Inspiration: The Crucial Point of Comparison Between Wine Regions
Why My Move to the Willamette Valley has been a tremendous success (No disrespect intended, Napa Valley)
It is not difficult to compare different wine regions, either from the perspective of being a resident or visitor. I’ve lived in three such regions (Napa Valley, Sonoma Valley, and Willamette Valley) and I’ve visited numerous other “wine countries” that attract visitors. All of them are similar in one respect: They provide extraordinary opportunities to taste and encounter a huge diversity of wines that non-wine country regions do not.
What I’ve landed on, however, as the crucial point of comparison between wine regions, is how each provides a diversity of inspiration to the visitor or the resident.
I dwelled on this question of how to compare wine regions driving home from my birthday dinner in Dundee, Oregon—a centrally located town in the Northern Willamette Valley wine country. Our guest at the dinner, The Marvelous Ms. Elizabeth Schneider, had asked me, “Well, what do you think of Oregon?” It was a good question and appropriately timed given Kathy, Henry, and I are now embarking on our fourth year as residents here since transplanting from Napa Valley.
Elizabeth makes a good living asking the right questions and doling out excellent answers too. But I don’t think she got a good answer from me and this bothered me as we meandered home to Salem along Willamette Valley backroads. It bothered me.
My response to Elizabeth’s question referenced the different weather (grey v sunny) and our responses to it, the quality of the wines in Oregon vs Napa, the difference in geography (a narrow valley vs a sprawling valley), and the differences in the culinary options.
My response to Oregon and the Willamette Valley has been almost entirely positive. But not because the wines are fantastic. Not because I deal with grey skies just fine. Not because the region is sprawling.
What makes the Willamette Valley a far more compelling (wine) region than, say, Napa Valley, is that it provides me and anyone else that visits so many points from which inspiration can be acquired.
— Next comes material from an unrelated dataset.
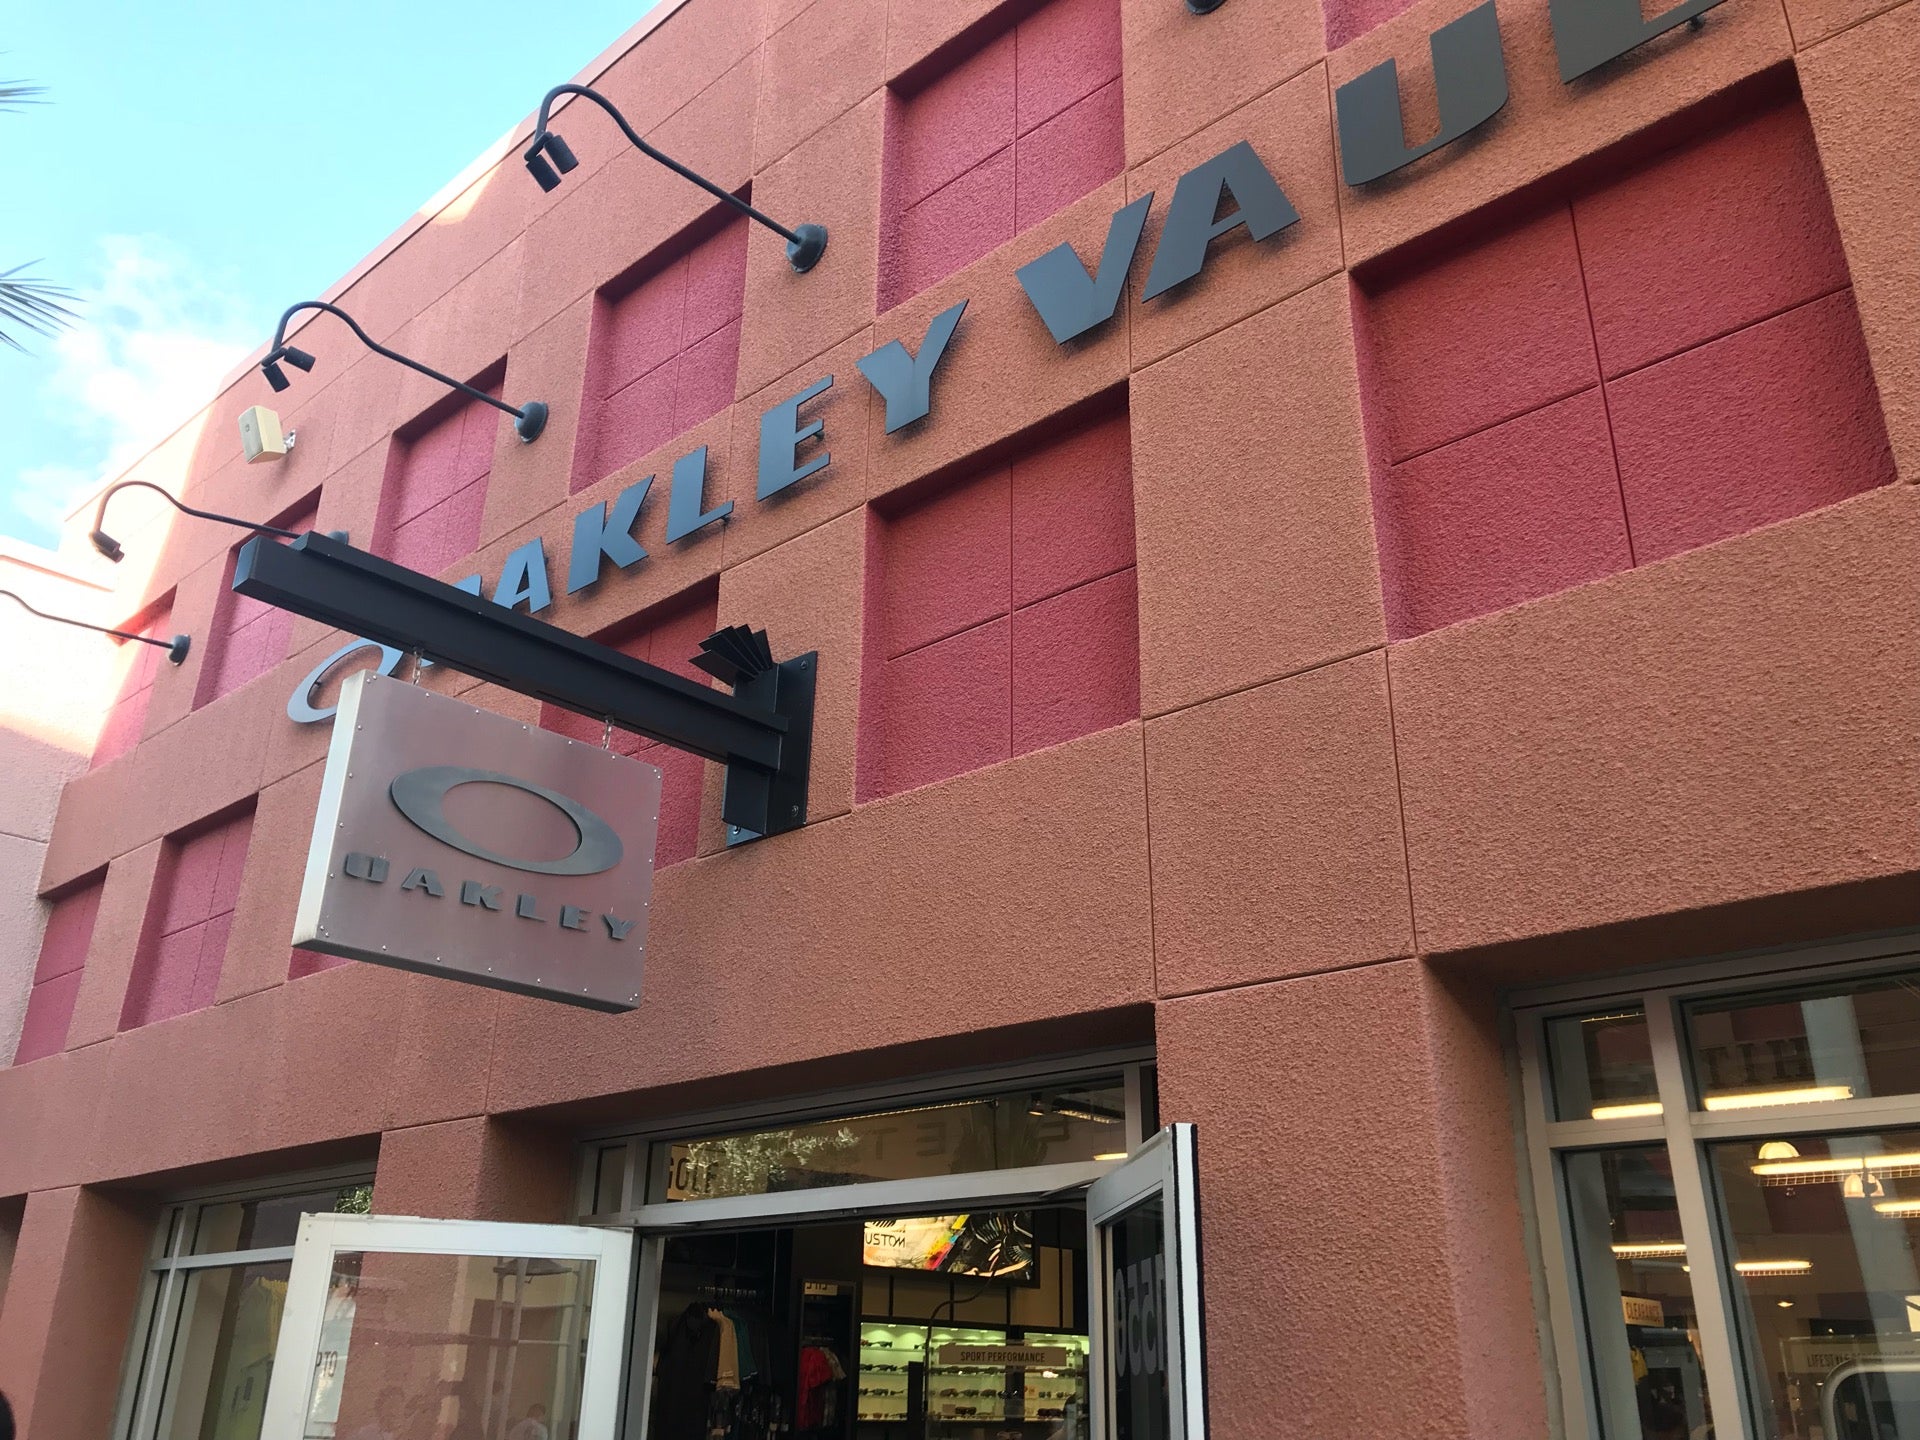 Oakley Vault - The Outlets at Legends

Inspiration can be gained from the wines one tastes in any given wine country. But this is what makes them all similar, not what sets the regions apart. What is remarkable about the Willamette Valley and what makes one stand back in awe is the consistent exposure to natural beauty even as one drives past not just wineries, but fields of hazelnuts, blueberries, grasses and more. One also is constantly taken by exposure to the passing of time in this place as one old home after another, now-abandoned red barns located in vast fields, crooked old signs advertising former villages all pass you by more frequently than entrances to winery estates.
I didn’t mention any of this to Elizabeth.
I should have told her that when I drive about the Willamette Valley and visit its different reaches I see so much more than what I see in Napa Valley, for instance. I see different pasts. I see different kinds of vistas. I see different ways of living. I see different kinds of secrets and different kinds of curiosities than when I drive up and down Highway 29 or the Silverado Trail in Napa Valley.
I should have told her I couldn’t have anticipated this before moving here and that this kind of difference would have such a positive impact on my state of mind and feeling of well-being—two of the most important considerations when comparing two places.
Part of what recommends one place over another must also be the potential for surprise; the approaching corner around which one doesn’t know what to expect. This kind of surprise is also part of what recommends a place like the Willamette Valley over a place like Napa Valley. It’s true that one can get off the two main Napa Valley byways and travel up the steep mountainsides. But many of these roads in Napa are now entryways to burned-out terrain due to multiple fires.
I’ve driven all over the Willamette Valley, particularly its northern parts. Surprise is constant, particularly when you veer off the main roads and travel aimlessly along the numerous smaller, backroads that are traced across the terrain. I can’t say this for Napa Valley. I can’t say about Napa Valley that if I turn the corner I might come across a honey producer, a small farmstand, a cider producer, a beautiful unvarnished barn built in the 1930s, a butcher, a stand of conifers that are home to trove of mushrooms, a crooked old home with a front yard bedecked in spinning pinwheels, a grove of Chrismas trees awaiting harvest, or a small winery producing world-beating Pinot Noir and Gamay. I just can’t say this about Napa Valley, but I could have mentioned this to Elizabeth when she asked, “How do you like Oregon”?
As an aside, I’ve been pretty vocal about my feelings concerning the food and dining scene in Salem, Oregon. I’m not impressed. However, on my birthday the food at Dundee Bistro was superb in every respect. This is not to say that the dining scene in the Willamette Valley is the equal of Napa. There are few places in the world that can rival the collection of great dining opportunities available in that Valley.
And yet it remains that when the crucial question of the inspiration of mind, body, and soul are considered, I can say unequivocally that what I think of my move to Oregon, Elizabeth, is that it has improved my life.
This was a wonderful read, Tom. Thank you.